The Legacy of Eleanor Roosevelt
The Universal Declaration of Human Rights
May 28, 2001, Vol. 6, No. 35 • By JEREMY RABKIN
MARY ANN GLENDON HOLDS A DISTINGUISHED CHAIR at Harvard Law School. Yet she has published such eloquent protests against the moral arrogance of judges and lawyers as Rights Talk and A Nation Under Lawyers. She served as the Vatican's representative to the U.N.'s major international conference on women in 1995. Then, she published a set of sober cautions about feminist bias and partisan dogmatism in human-rights advocacy.
Glendon's latest book, A World Made New: Eleanor Roosevelt and the Universal Declaration of Human Rights, might be understood as an effort to combine her interests -- rescuing human-rights talk from its contemporary abuses by redirecting attention to its nobler origins. Among other things, Glendon offers a group portrait of the diplomats who were, in effect, the founders of international human-rights protection. Her book's chief merit is to vindicate the seriousness and sincerity of these founders, showing how they drafted the Universal Declaration of Human Rights and secured its adoption by the United Nations in 1948.
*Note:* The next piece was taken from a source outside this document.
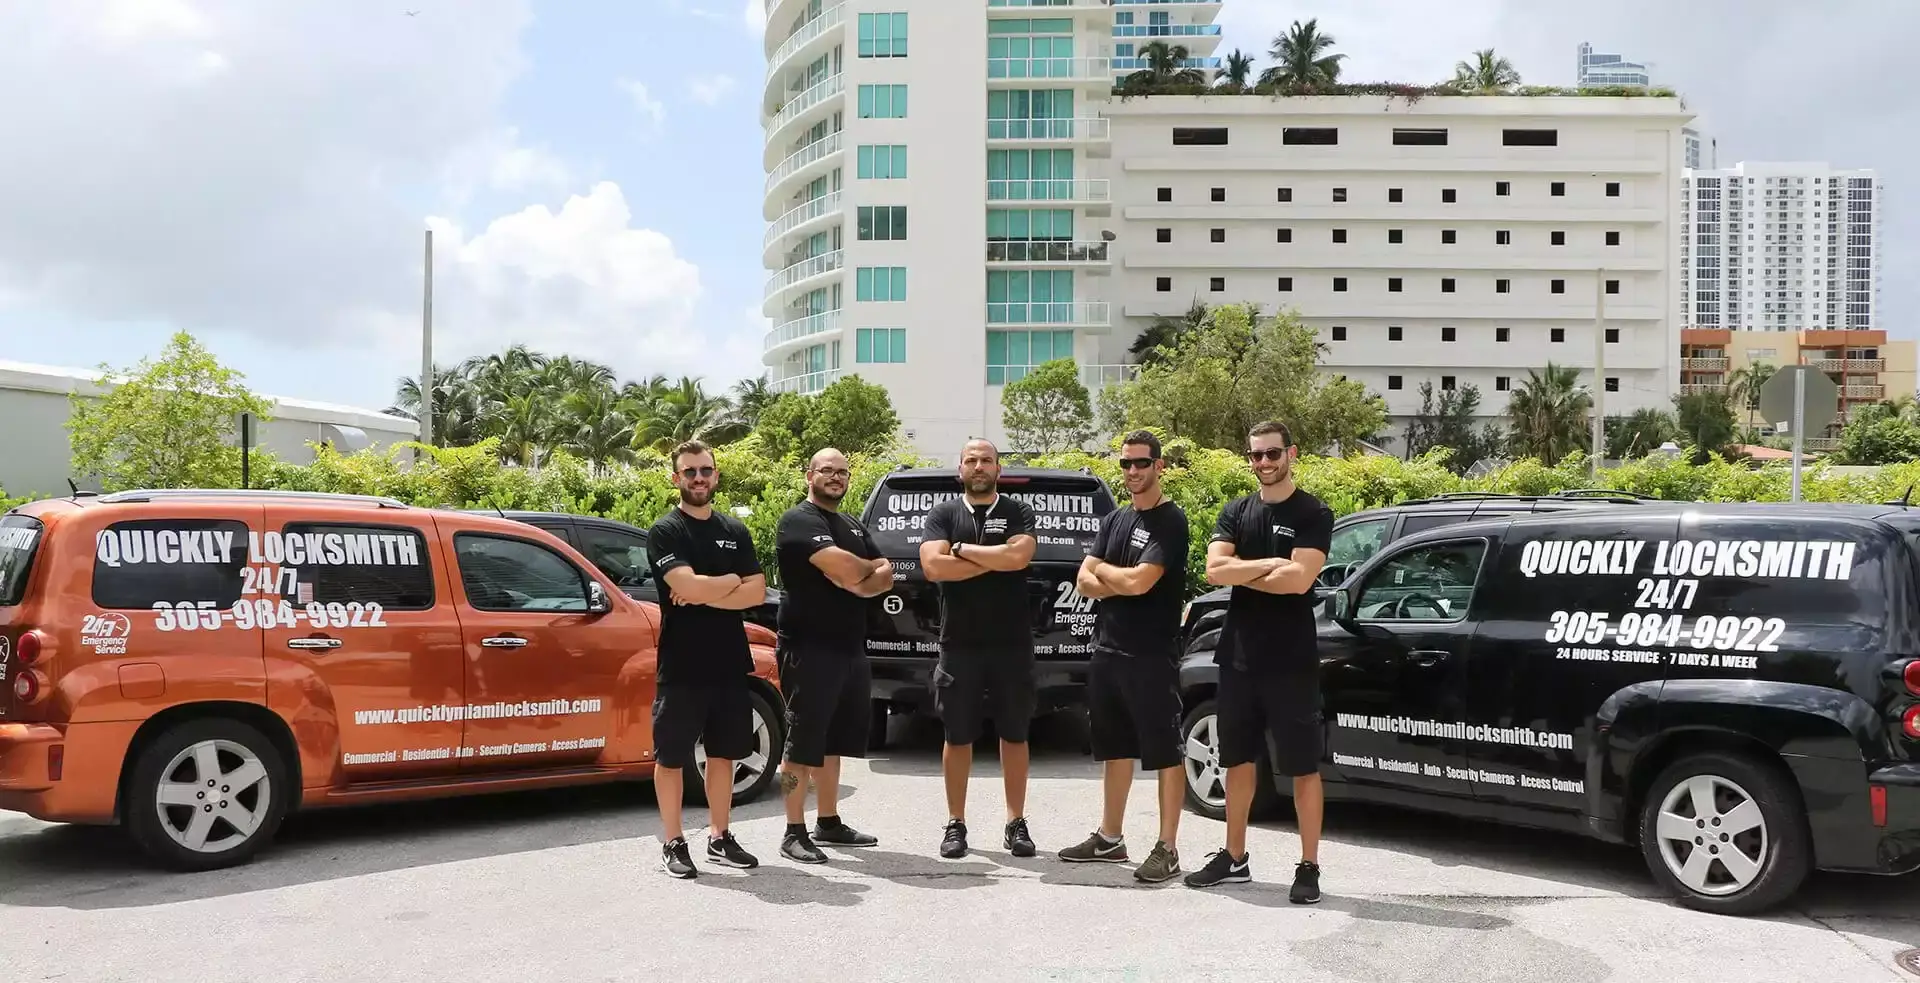 Quickly Locksmith team outside their cars

But A World Made New has a corresponding defect. By focusing so closely on the founders and their ideals, it avoids submitting those ideals to the lessons of subsequent experience. In effect, Glendon asks us to judge these founders without much scrutiny of what they actually founded. In this way, Glendon's well-meaning book preserves many of the evasions or (as it seems to me) sheer delusions of the political leaders she writes about.
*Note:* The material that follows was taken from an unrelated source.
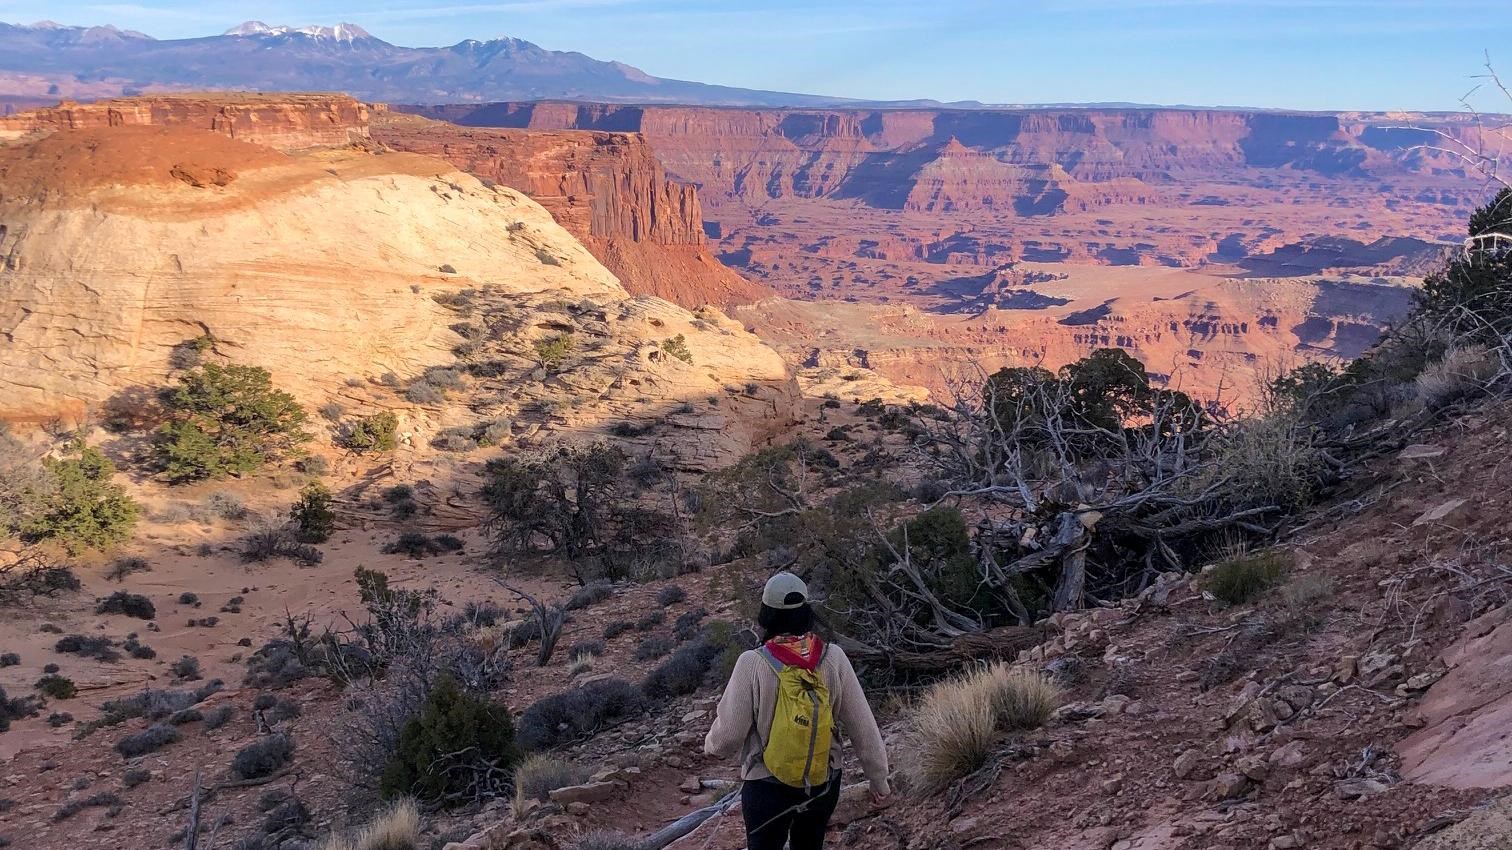 A hiker descends the trail into a canyon, sweeping views are visible in the distance.

By chronicling the drafting of the Universal Declaration, Glendon gives drama and immediacy to a pivotal moment in international diplomacy. Glendon has studied memoirs and letters of the participants as well as official records, and she has uncovered Soviet records from the period. She weaves these new details into a fascinating and well-paced account.
We learn, for example, that Stalin's representatives at the United Nations were never sure what stance to take toward the Universal Declaration on Human Rights. Lacking clear instructions from Moscow, Communist delegates generally contented themselves with sniping from the sidelines. In the end, they could not vote in favor of the Declaration but did not feel they could vote against it, either. They simply abstained -- as did South Africa, Saudi Arabia, and a few other states.
Thus, Glendon shows, it was not a desire to accommodate the Soviets that led the framers of the Declaration to include broadly worded guarantees of economic and welfare entitlements. These guarantees were already contained in the working documents from which the Declaration was honed. The initial staff report was prepared by John Humphrey, a Canadian law professor who privately described himself as a "socialist" -- though not a particularly doctrinaire one. (He confided to his diary that "socialism is a technique and nothing more. What we need is something like the Christian morality without the tommyrot.")
Compared with most other participants, Eleanor Roosevelt, the leading American representative to the Human Rights Commission, comes across in Glendon's account as much more down to earth, much more focused on immediate diplomatic challenges, and much more serious about the difficulties of securing broad international cooperation in this field. She was well aware that the United States Senate was not likely to ratify a formal human-rights treaty. She therefore persuaded other delegations that the United Nations should start its human-rights advocacy with a non-binding declaration of principles (a measure that would require no action by the Senate).
As it turned out, Mrs. Roosevelt was prescient about the difficulties. It would take twenty years before the United Nations could agree on detailed provisions to implement the Universal Declaration in treaties that would (ostensibly) be binding international law. (The United States would ratify none of them until the early 1990s, and then only with severely constraining reservations.) Even while working on a non-binding declaration, Mrs. Roosevelt sought to curb overreaching provisions. She resisted ambitious guarantees of worker rights, for example. Glendon reports that she also resisted demands for what now would be called "gender inclusive language."
Despite her special mention in the book's subtitle, however, Eleanor Roosevelt is not quite the leading character in Glendon's story. A World Made New gives equal attention -- and more credit -- to Lebanon's ambassador, Charles Malik. He served successively as rapporteur of the Commission on Human Rights when it drafted the Declaration; then as chairman of the Economic and Social Council when it polished that draft; and finally as chairman of the wider U.N. committee that presented the Declaration to the General Assembly (where the Universal Declaration was finally adopted in December 1948).